CITY FOLK FANCY THEIR CHANCES AT ASCOT
HALF the City is due to decamp to Berkshire this week for Royal Ascot, which runs from today until Saturday. As usual, the raft of financiers meandering about the racecourse will be a mix of those enjoying a corporate jolly and those who’ve invested their wealth in horses – two of whom are tipped as good bets for today’s action.
Paco Boy, running in the Queen Anne Stakes, is part-owned by Parkwood Property Investments partner Derek Lucie-Smith and is second-favourite to win the race despite a poor performance at Newbury. Lucie-Smith, meanwhile, can use the experience as a pleasant warm-up to the Property Race Day at Sandown on 3 July. The event, which he chairs, is in its third year and fast becoming a favourite on the property networking scene.
Also in the running is Fleeting Spirit – the four-year-old filly part-owned by Cenkos founder Andy Stewart and Newsmith Capital hedge fund manager Paul Roy – who is third favourite for the King’s Stand Stakes later today.
Perhaps it’s finally time for the City’s luck to turn?
BARGAIN BASEMENT
Wealthy folk on a mission to snap up a bargain investment need look no further.
A Mayfair townhouse is to be offered up in a residential receivership sale on 22 July – with an eye-watering guide price of £20m, the largest repossession anyone can ever remember seeing. The Charles Street pad, as you might expect, comes complete with underground swimming pool, a lift to transport people in style between the six floors, and a four-storey mews extension (with planning permission).
Mind you, applicants should know that they’ll be benefiting from the demise of 35-year-old real estate magnate Cevdet Caner, who’s been forced to give up the house after his property investment business Level One collapsed last year.
It’s a good job he’s got a second swanky pad in Monaco to fall back on, eh?
DIAMOND GEEZER
Congratulations to Nomura’s Rob Nicol, who recently proved himself to be the most savvy worker in the City when it comes to solving riddles about the Square Mile.
Nicol was crowned the winner of Leadenhall Market’s Diamond Hunt, which saw hundreds of City workers combing the streets trying to solve the clues as to the diamond’s whereabouts.
The sparkler – worth a tidy £5,000 – was eventually discovered at the foot of Monument. Oh, for the benefit of hindsight.
SORE SPOTS
To lunch last week with legendary Slaughter and May M&A lawyer Nigel Boardman, who tells me that he’s still recovering from an arduous charity bike ride he recently completed through deepest, darkest Zambia.
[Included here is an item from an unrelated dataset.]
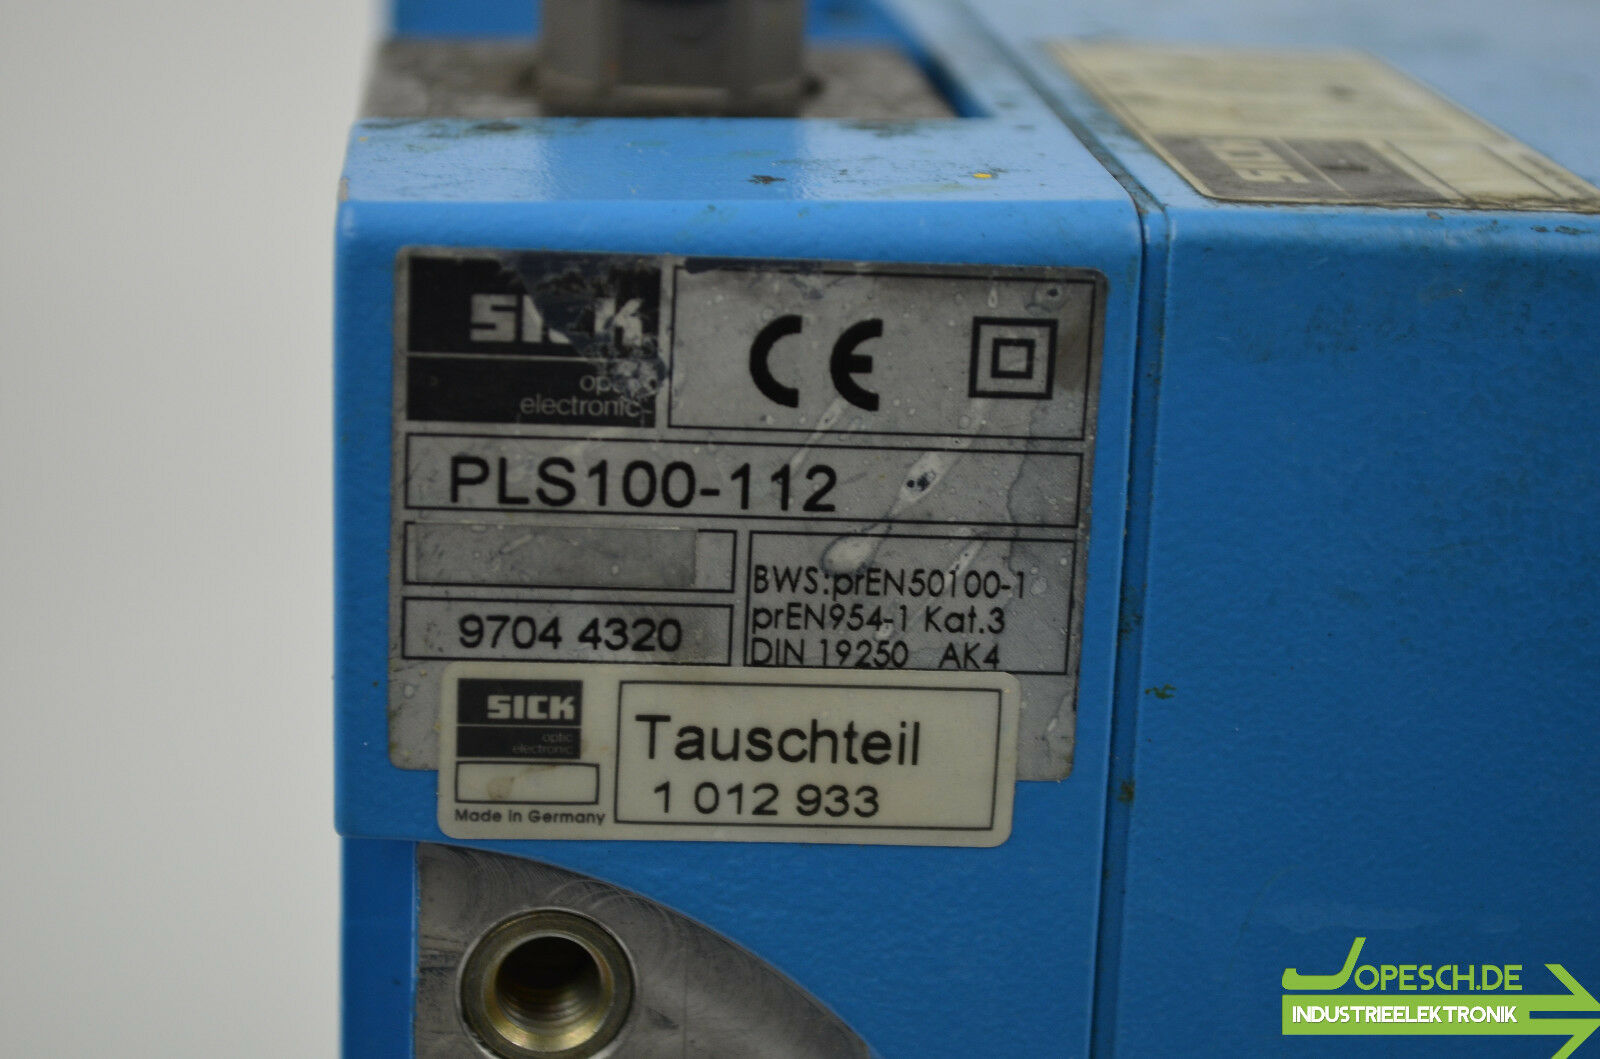 Sick Laserscanner PLS100-112

Boardman and colleagues Glen James and William Underhill returned a few weeks ago from their tough 500km jaunt, but their hands – and more tender parts of their anatomy – are still numb from the vibrating of the bikes over the rutted dirt tracks.
The trio have raised over £90,000 for poverty charity African Revival from their adventures, which included Boardman nearly knocking himself out by falling from his bike and James proving himself enthusiastic, if not adept, at performing the Zambians’ ritual courtship dance.
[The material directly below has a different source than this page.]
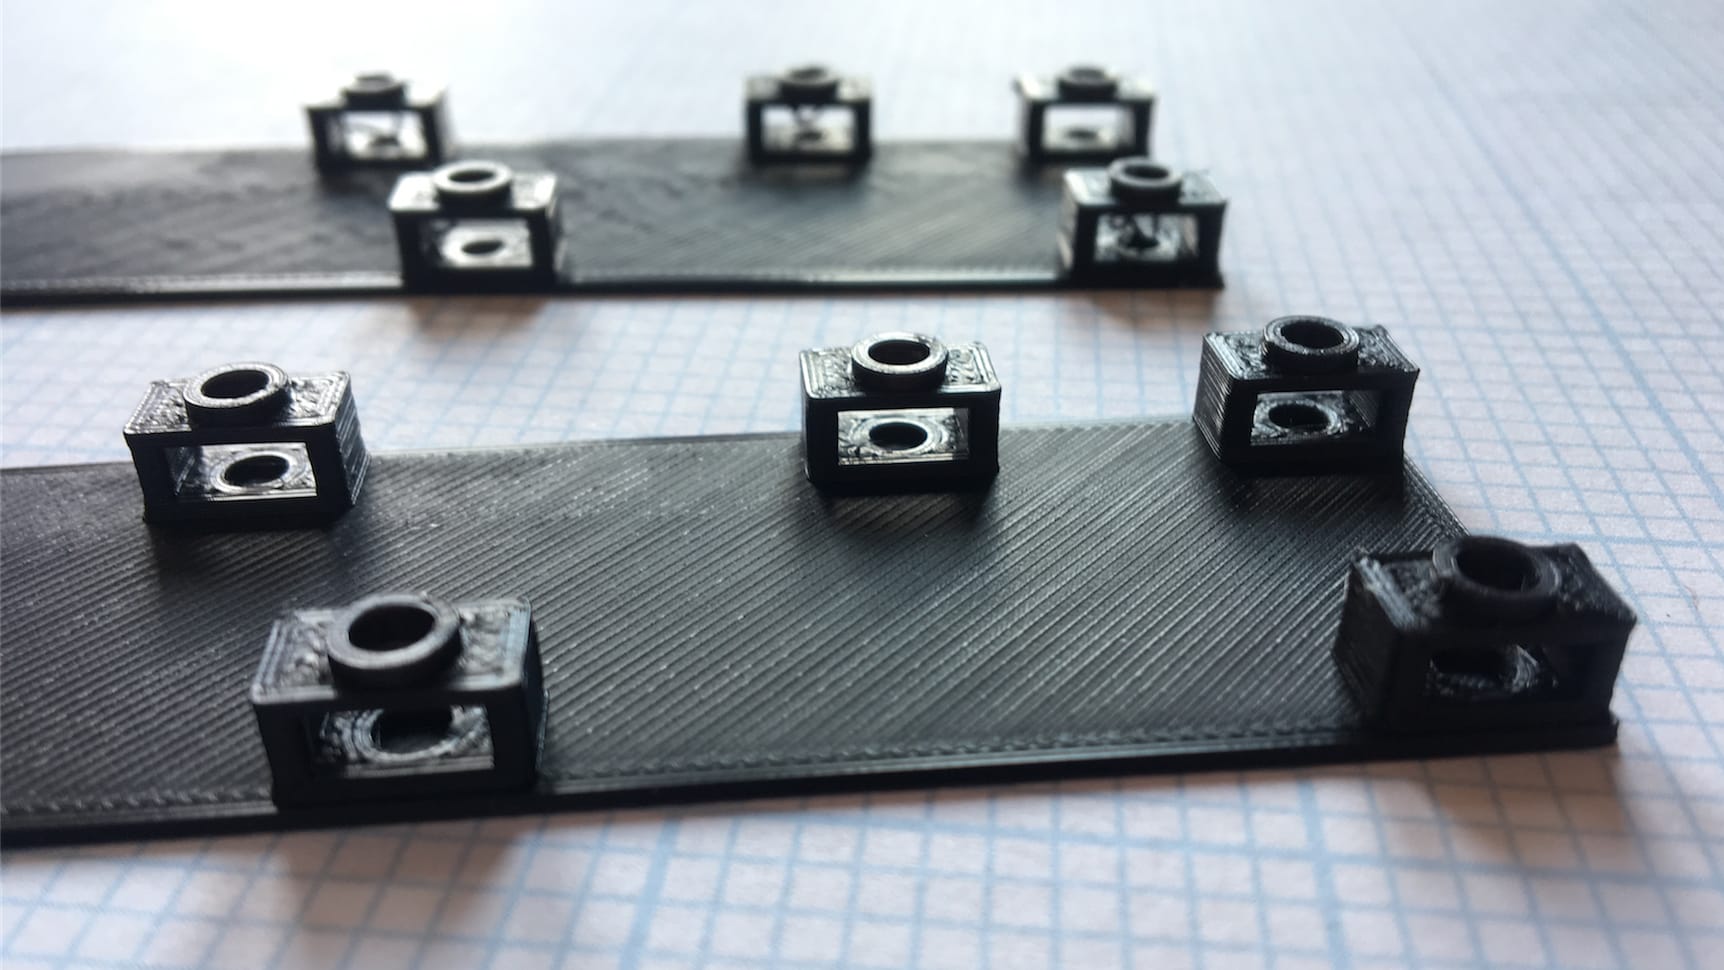 3D-printed PCB posts

They’d love to bump up the funds raised into six figures, and would welcome any donations at www.justgiving.com/slaughterandmay-zambiabikechallenge. Surely the suffering of those poor bottoms is worth a bob or two?
LIFE O’RILEY
What better way to reward a team for some serious hard work that to take them off sailing around the south coast of England on a jolly?
The staff at City stockbroking firm Charles Stanley headed down to Plymouth on Friday after putting out their annual results last week, for the firm’s Annual Passage Race, run out of the Royal Western Yacht Club.
Resident sailing enthusiast Magnus Wheatley, the firm’s head of communications, joined crew members Chris Evans, Nigel Odling, Katherine Burns and Robert Fletcher to captain the winning vessel “Major Clanger”, cheered on by his 20 month old son Harry.
(I hear not all was smooth sailing after one of the crew lost a winch handle overboard and was charged £549.99 for a new one, though luckily for the expenses department, he managed to secure a refund before it was too late.)
But the entire team basked in glorious sunshine at the regatta and emerged smiling yesterday morning to get stuck into another week. That’s the life.
BBC BLOOPERS
Typos always have the potential to tickle people pink, but I hear the Beeb excelled itself yesterday when it posted subtitles online for an internal meeting being shown to other employees via video link.
Bloopers included “sexual aura” instead of “orientation”; “hideously wide” in the place of “white” in a chat about diversity, and “for those of you watching on wine” – a situation which many workers, in all probability, were fervently dreaming of.
But The Capitalist’s personal favourite has to be the use of the phrase “as Marx said”, referring to something director-general Mark Thompson had uttered. At least the BBC’s minions were giving their own dear leader the respect he deserves.